In fact, Walzer's logic is explicitly repudiated by human rights groups. They weren't persuaded by this argument in 1996; in its damning report on the first Qana attack, Human Rights Watch concluded that the use in Qana of "deadly anti-personnel shells designed to maximize injuries on the ground — and the sustained firing of such shells, without warning, in close proximity to a large concentration of civilians — violated a key principle of international humanitarian law." And Kenneth Roth, executive director of Human Rights Watch, has rejected it again this time: The most recent strike on Qana "suggests that the Israeli military is treating southern Lebanon as a free-fire zone."
This last point of Shatz's make his true argument clear: war of all kinds is bad. Shatz, along with Kenneth Roth, are opposed to the use of force for any reason. However, using just war theory to claim that this or that use of force is immoral is a much better strategy for Shatz than admitting his outright opposition to war. As Walzer notes in the article Shatz refers to above, "It is an important principle of just war theory that justice, though it rules out many ways of fighting, cannot rule out fighting itself -- since fighting is sometimes morally and politically necessary." Shatz's argument attempts to do just what Walzer says can't be done: rule out fighting itself. If states cannot plan military operations in advance, if they cannot hold other governments responsible , if they cannot kill more people than the losses they have themselves suffered, then states cannot go to war. As Walzer correctly argues:

...since Hamas and Hezbollah describes the captures [of the Israeli soldiers] as legitimate militart operations -- acts of war [and, as Walzer does not mention, are both party to their respective governments] -- they can hardly claim that further acts of war, in response, are illegitimate. The further acts have to be proportional, but Israel's goal is to prevent future raids, as well as to rescue the soldiers, so proportionality must be measured not only against what Hamas and Hezbollah have already done, but also against what they are (and what they say they are) trying to do.
Walzer goes on:
When Palestinian militants launch rocket attacks from civilian areas, they are themselves responsible--and no one else is--for the civilian deaths caused by Israeli counterfire. But (the dialectical argument continues) Israeli soldiers are required to aim as precisely as they can at the militants, to take risks in order to do that, and to call off counterattacks that would kill large numbers of civilians. That last requirement means that, sometimes, the Palestinian use of civilian shields, though it is a cruel and immoral way of fighting, is also an effective way of fighting. It works, because it is both morally right and politically intelligent for the Israelis to minimize--and to be seen trying to minimize--civilian casualties. Still, minimizing does not mean avoiding entirely: Civilians will suffer so long as no one on the Palestinian side (or the Lebanese side) takes action to stop rocket attacks. From that side, though not from the Israeli side, what needs to be done could probably be done without harm to civilians.

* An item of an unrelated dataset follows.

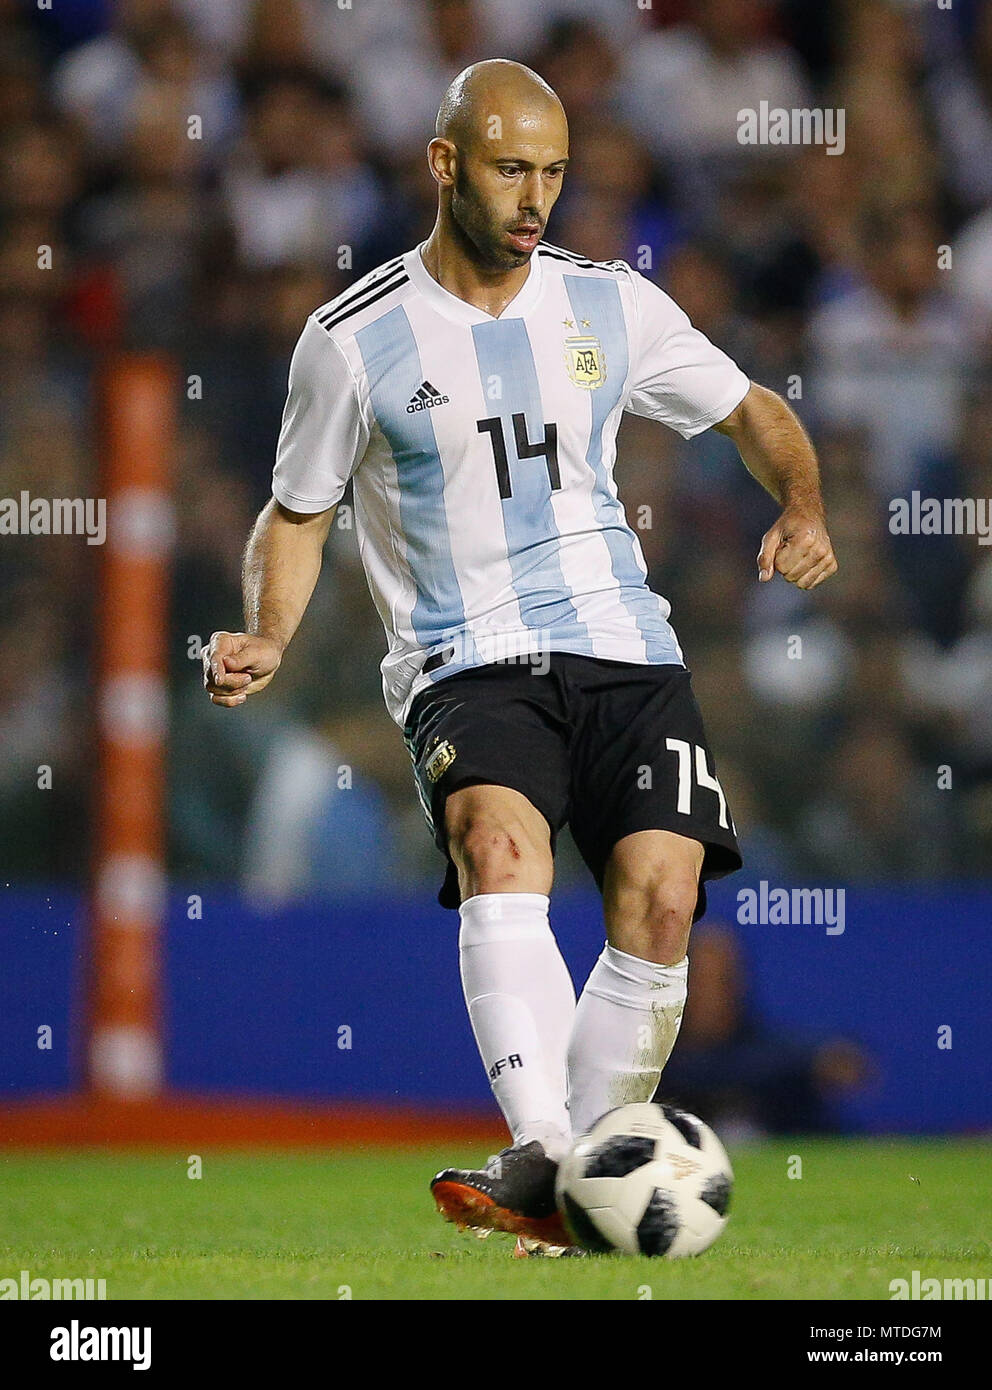 Buenos Aires, Argentina. 29th May, 2018. Javier Mascherano da Argetina during a friendly match between Argentina and Haiti, held at the Alberto José Armando Stadium, known as La Bombonera, located in the La Boca neighborhood in the capital of Buenos Aires. Credit: Marcelo Machado de Melo/FotoArena/Alamy Live News Stock Photo

So, perhaps the attack on Qana was immoral. But one action does not, as Shatz would do, discredit the entire military operation or the very nature of fighting itself. States must be able to defend themselves; note the absence of serious protest against Israel, even from the Europeans, the Russians, and other Arab states. One can quibble about whether Israel should have dropped this bomb, or launched that missile. And of course one can grieve for the innocent lives lost. But using just war theory to claim that Israel's operation is immoral or illegal is disingenous at best. The blame for the deaths of Lebanese civilians lies firstly with Hezbollah, which started this war and secondly with the Lebanese government, which has allowed Hezbollah to operate with impunity. Israel may not be blameless, but Israel neither wanted nor started this war. War is a nasty, hideous, death-filled business. But it is, unfortunately, sometimes necessary. Shatz's attempt to moralize it away, along with much of the discussion of "proportionality" that has surrounded the current violence in Lebanon, is little more than a pipe dream to do away with all war.